Os olhos de Ella se abriram mais, as sobrancelhas franzindo. Ela era muito expressiva
— Você não deve saber, pelo que entendi, foi algo que ficou mais grave depois do seu acidente, mas a Carter tem endometriose e estava tendo uma crise tão grande que acabou apagando. Mais daquele rosto expressivo, mas agora ficando preocupado, os olhos clarinhos ficando cheios — Achei que ela estivesse aqui no hospital para pedir ajuda pra ela mesma, mas não. Ela só estava aqui para ver você e acabou sendo derrubada por uma crise de uma dor da qual ela não estava cuidando.
Ella escreveu novamente:
“Ela, teimosa.”
— Ela é teimosa — Sky respondeu sorrindo, passando uma caneta pelo corpo de Ella: braços, pernas, pés, causando pequenas pressões. Ela estava sentindo tudo.
“Mas, ela bem agora?”
Era uma pergunta muito complexa, porque envolvia uma situação muito complicada mesmo.
— Ela está cuidando, sim. Ali, a equipe está vindo. Vamos precisar deixar esse celular aqui, OK?
Ella disse que sim, tudo bem, mas escreveu mais alguma coisa:
“Você pode ficar aqui com ela?”
Elas eram cuidadosas uma com a outra.
— Sim, claro que sim, ela vai acordar logo, pode deixar.

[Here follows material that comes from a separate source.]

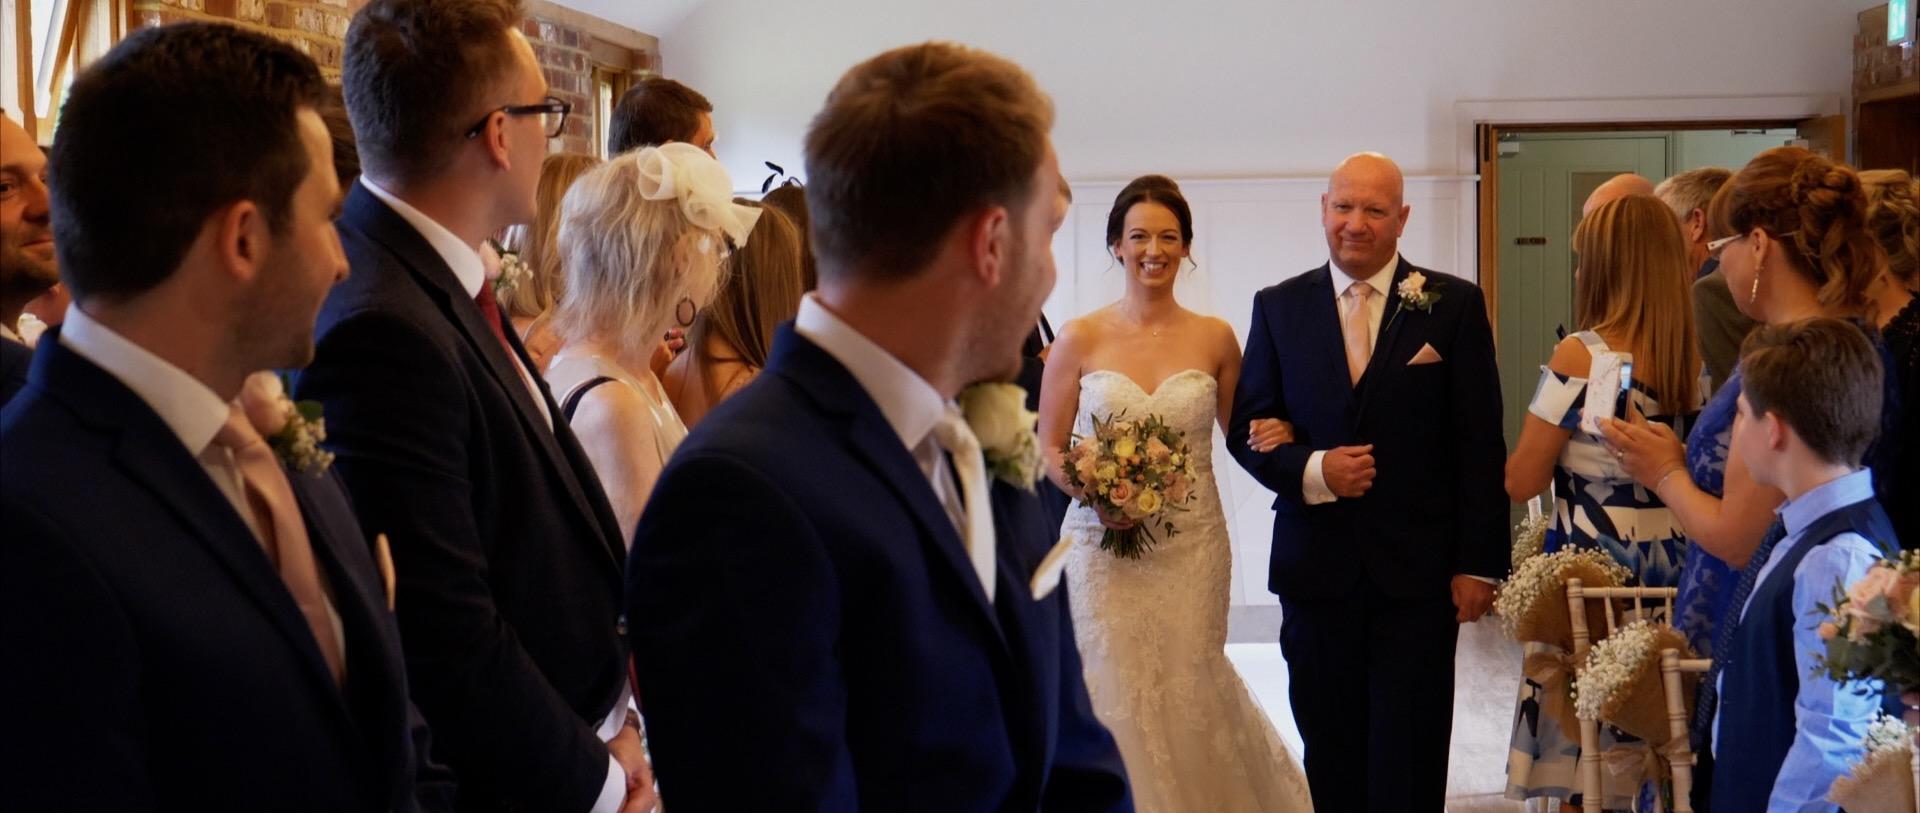 Wedding Ceremony Video Apton Hall Rochford.jpg

A equipe realmente veio buscá-la para os exames e, finalmente, Sky conseguiu recuperar aquele celular, aparentemente, sem danos. Ficou no quarto, anotando os resultados dos testes que havia feito, simples, mas muito importantes. Ella não tinha nenhuma insensibilidade, nenhum sinal de lesão. O programa que estavam executando com ela, aparentemente, havia dado resultados. E então, quando terminou suas anotações, lentamente, Carter foi acordando. E ficou imediatamente assustada.
— Sky? Cadê a Ella?!
— Calma, está tudo bem. Ela está fazendo alguns exames e estava com seu celular — Entregou o iPhone para Carter.
— Ela...?
— Sabe a senha. É a mesma senha...?
— Sim, é a mesma senha de sempre — Carter se sentou, ainda um pouco zonza.
— E ela não esqueceu?
— Aparentemente, ela lembra de tudo antes do voo que levou nós duas para a Itália.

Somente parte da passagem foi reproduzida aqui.